Rice v. Hill

Annotate this Case

178 So. 2d 168 (1965)

Everett F. RICE v. Joseph C. HILL et al.

1 Div. 285.

Supreme Court of Alabama.

September 2, 1965.

Wilters & Brantley, Bay Minette, for appellant.

C. Lenoir Thompson, Bay Minette, for appellees.

MERRILL, Justice.

This appeal is from a decree which permanently enjoined appellant from interfering with the usage of a road which runs across appellant's property, and which ordered appellant to remove the obstructions he had placed in the road to render it impassable.

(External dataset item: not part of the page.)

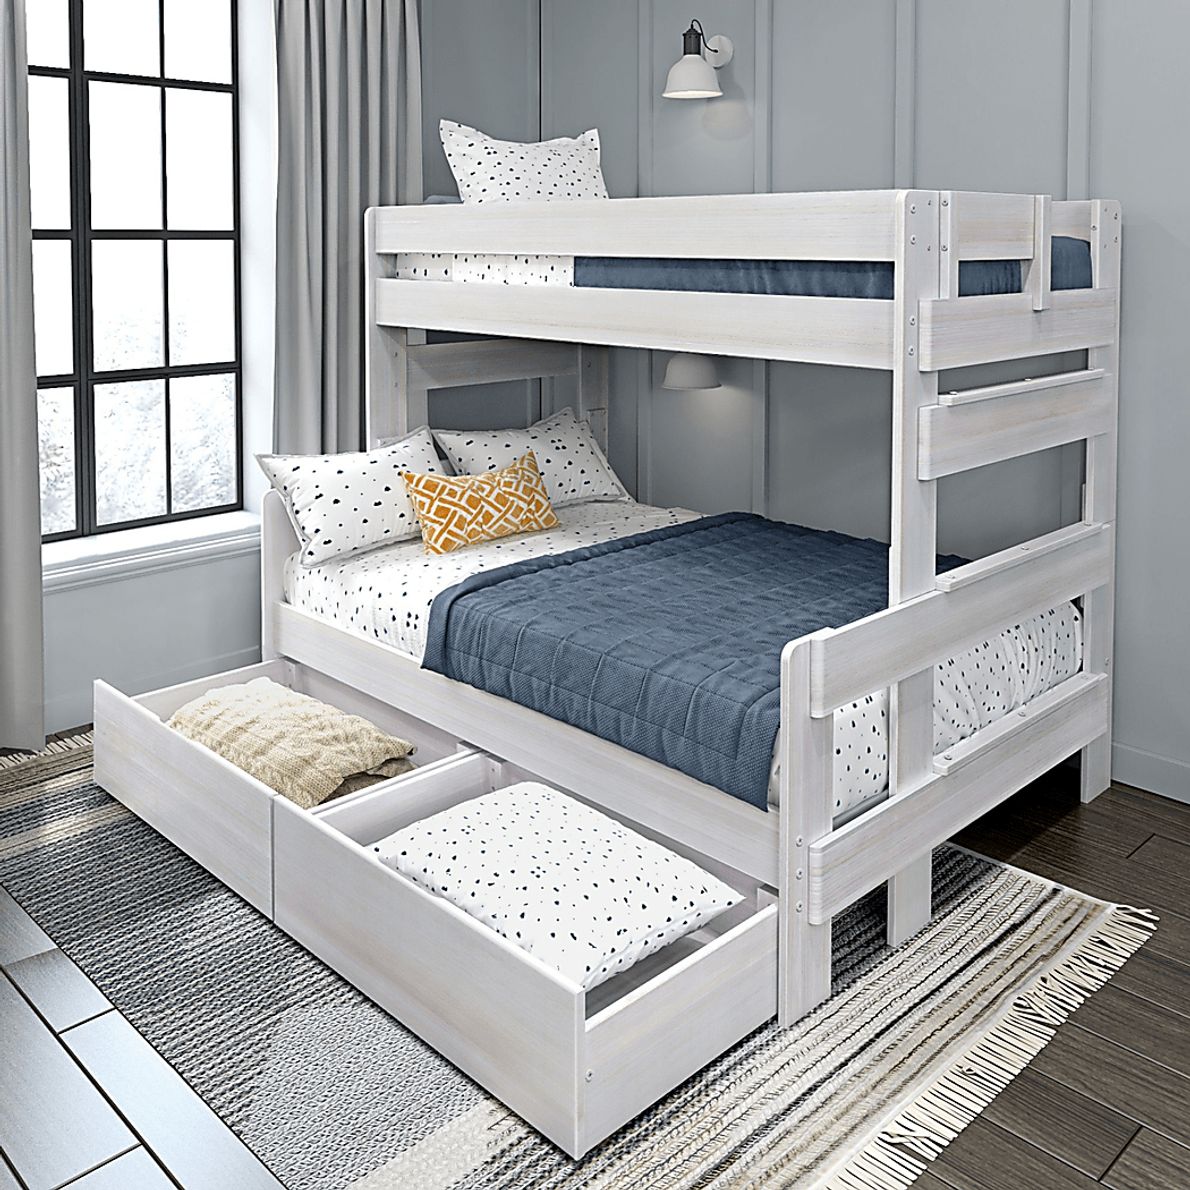 Kids Eastwick White Twin/Full Bunk Bed with Storage Drawers

Appellees and respondent were adjoining landowners and appellees filed their bill of complaint seeking a permanent injunction against appellant to prohibit him, his servants or others from blocking or continuing to block the road in question which passed through appellant's land to that of appellees. The evidence showed that appellant had closed the road through his property and had also placed obstructions on it, rendering it impassable.

The trial court found that the road was a public road and granted the relief sought.

Appellant argues assignments of error 8 through 20 together. Assignment 8 reads: "The Court erred in examining Mrs. Dawson.", *169 (a witness); and assignments 9 through 20 read the same except that in each instance a different witness is named.

The main question before the trial court was whether the road was a public road. The witnesses were asked about its use by the public. There was no objection to any of these questions asked by the trial court.

The trial judge has the right to propound such questions to witnesses as may be necessary to elicit certain facts, Lackey v. Lackey, 262 Ala. 45, 76 So. 2d 761; and it not only is the court's prerogative to so act, but its duty, if the court deems it necessary to elicit proper evidence bearing on the issues. Luker v. State, 39 Ala.App. 548, 105 So. 2d 834.

Here, the trial court did not abuse his discretion in asking the witnesses if the road was used by the public and no reversible error appears as a result of his questions.

Moreover, there was no objection to any of the questions although he asked them of thirteen different witnesses. Where no objection was made or exception taken to any remark or question by the trial judge, nothing is presented here for review. State v. Boyd, 271 Ala. 584, 126 So. 2d 225; Neumiller v. Jenkins, 270 Ala. 231, 117 So. 2d 402; Morris v. Yancey, 267 Ala. 657, 104 So. 2d 553. These assignments of error are without merit.

Appellant argues assignments of error 1 through 6 together. They are not related and it appears that none is meritorious. We mention only number 2, which reads: "The Court erred in finding that there is a public road over the property of Everett F. Rice.", (appellant).

Whether the road was a public road was in conflict, but the weight of the evidence was in favor of the trial court's finding that it was a public road. When the evidence is heard orally by the trial court, that court's finding has the effect of a jury's verdict and will not be disturbed on appeal unless plainly erroneous or manifestly wrong. And this rule applies both in equity and in law. Lamar v. Lamar, 263 Ala. 391, 82 So. 2d 558, and cases there cited. We are not convinced that the ruling of the trial court was wrong or unjust.

It is not necessary to show why the other five assignments of error are without merit because of the rule that where several unrelated assignments of error are argued together in brief, and one is without merit, the others will not be considered. Andrews v. May, 277 Ala. 248, 168 So. 2d 619; 2A Ala.Dig., Appeal & Error.


LIVINGSTON, C. J., and SIMPSON and HARWOOD, JJ., concur.